Of these four components, hazard and exposure are the ones markets have made the most progress on. Catastrophe models and geospatial exposure data increasingly tell an insurer or a lender whether a given asset sits inside a flood plain, a heat corridor, or a wildfire zone, and climate-related hazards are, to a growing extent, priced accordingly. Other hazards, such as pollinator loss or falling water tables, are earlier in that process and are priced far less consistently. Vulnerability and dependency are earlier still: for the most part, neither the condition of the ecosystem an asset relies on, nor the financial impact of losing ecosystem services, appears in mainstream equity valuation, credit assessment, or insurance pricing. A business's financial risk is currently assessed largely on whether a hazard exists, not on how much that hazard would actually cost given the condition of the land its operations depend on.

The evidence gap is real

Two pieces of research show what happens where this gap plays out at scale.

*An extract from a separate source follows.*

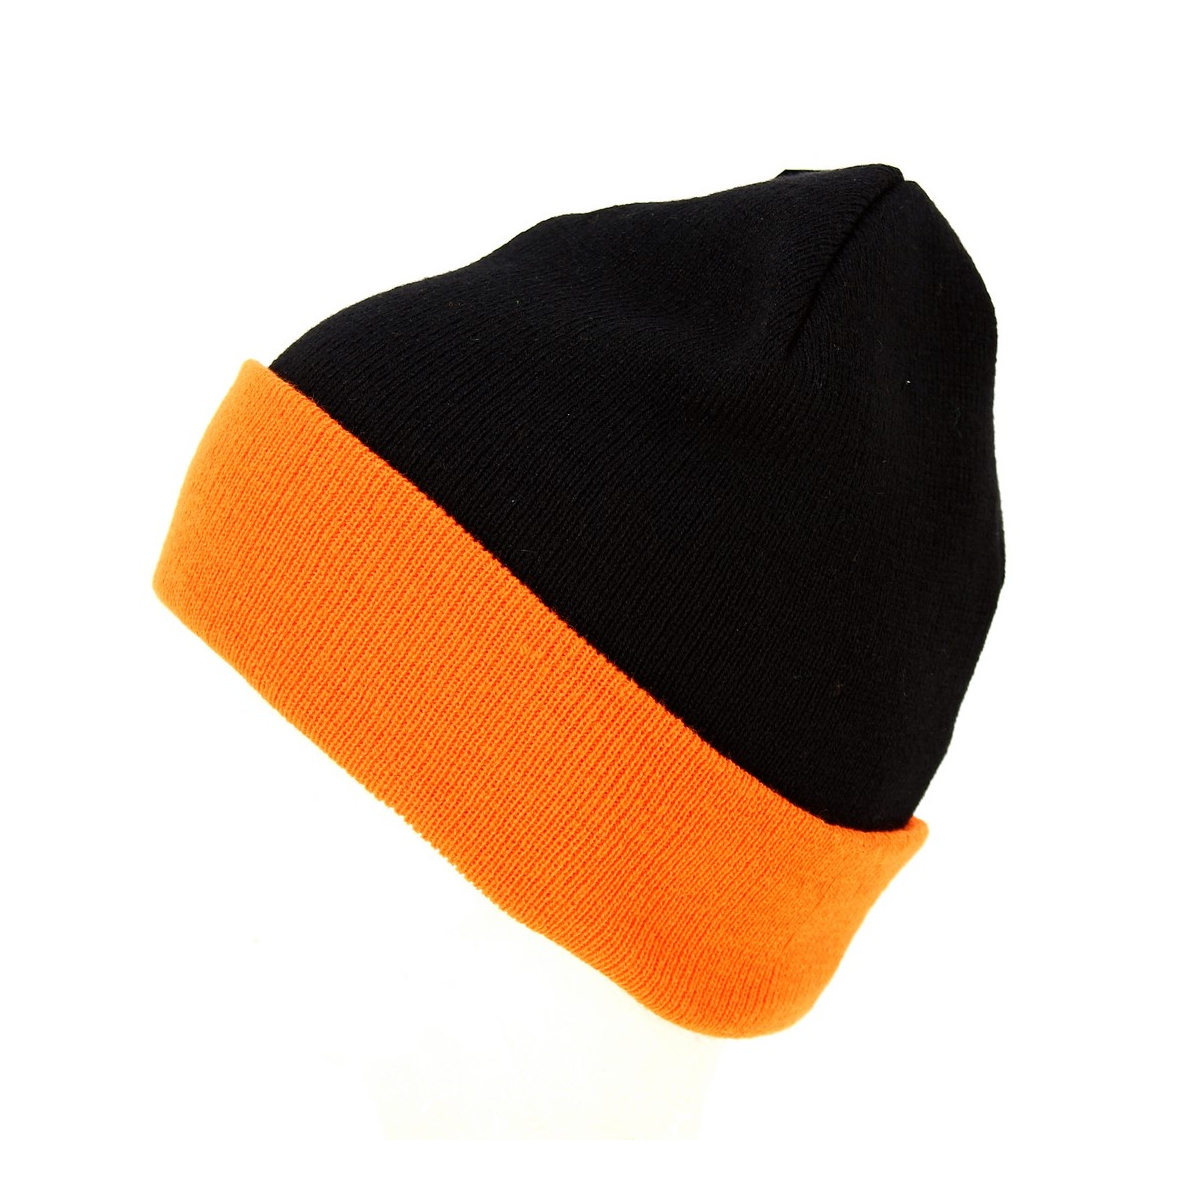 Bonnet - Noir et orange

Bloomberg, drawing on physical risk data from Riskthinking.AI linked to company-level cost of capital, found that a 10 percentage point increase in a firm's modelled asset damage rate is associated with a 22 basis point increase in its weighted average cost of capital, after controlling for sector, size, and region.[4] The effect is not uniform: it is stronger in asset-intensive sectors such as materials (56 basis points) and utilities (45 basis points), and in emerging-market regions such as Latin America (94 basis points) and Asia (25 basis points). This shows that markets do price physical risk once it becomes visible and attachable to a specific asset. It is, however, a study built on damage to physical assets rather than on the condition of the ecosystems around them, so it speaks to the hazard-and-exposure part of the picture rather than vulnerability or dependency.

Fig. 02

Markets already price elements of physical risk — up to four times more steeply in the most exposed sectors and regions.

Increase in a firm's weighted average cost of capital for each 10-percentage-point rise in its modelled asset damage rate. Sector and region are two separate cuts of the same data, not one ranking.

22 bps
all-firm average
By sector
Materials
56 bps
Utilities
45 bps
By region
Latin America
94 bps
Asia
25 bps
Bloomberg, using physical risk data from Riskthinking.AI linked to company-level cost of capital; controlled for sector, size and region. Measures damage to physical assets — hazard and exposure — not ecosystem condition.

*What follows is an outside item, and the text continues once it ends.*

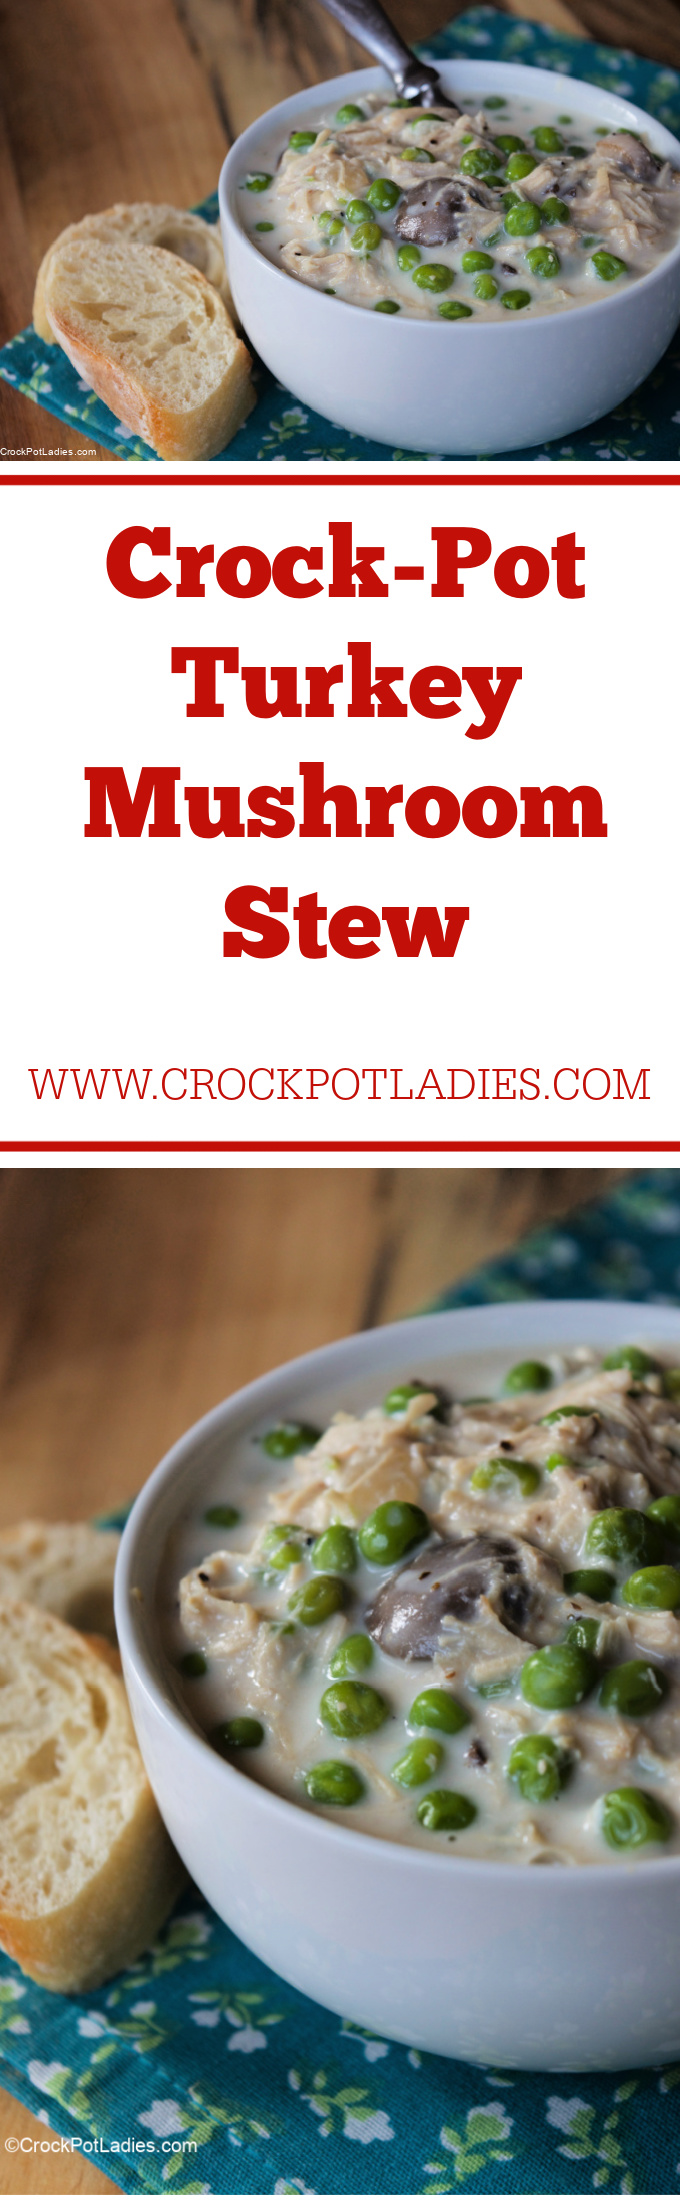 Crock-Pot Turkey Mushroom Stew

A separate study constructed nature-dependence scores for more than 30,000 listed firms across 117 countries, based on how reliant each firm's revenue is on ecosystem services such as water regulation or pollination.[5] The researchers found that firms with a high reliance on a small number of critical ecosystem services, particularly water-related ones, carry measurably higher downside risk than firms with a lower or more diversified reliance. The size of the effect is modest in absolute terms, a one standard deviation increase in this measure was associated with roughly a 3 basis point rise in value-at-risk, but it was concentrated and statistically distinguishable rather than diffuse: it is not that nature dependence raises risk a little everywhere, it is that a small number of critical dependencies raise it meaningfully wherever they exist. Two further findings are worth noting. This dependence showed no relationship to what companies report in their sustainability disclosures, meaning the risk is currently invisible to the channels investors would normally use to find it, and it was unrelated to firms' exposure to physical climate risk, meaning it is capturing something distinct from the hazard-and-exposure effect described above.

Why this matters

This absence has three distinct consequences.

Markets are beginning to price hazards, though it is not clear that this is yet complete or consistent across sectors and regions. Dependency is also starting to receive attention, but largely from a materiality and disclosure standpoint, rather than as something that feeds into what it costs that company to borrow or raise equity. Vulnerability, and the chain connecting ecosystem condition to financial outcomes, remains unpriced. Two businesses with identical hazard exposure are, in practice, treated largely the same.

As a result, resilience goes unrewarded. Where there is no way to measure how much an asset's vulnerability or dependency has been reduced, whether through soil restoration, watershed management, there is also no way to price that improvement differently from a business that has done nothing. The market cannot currently distinguish preparation from neglect.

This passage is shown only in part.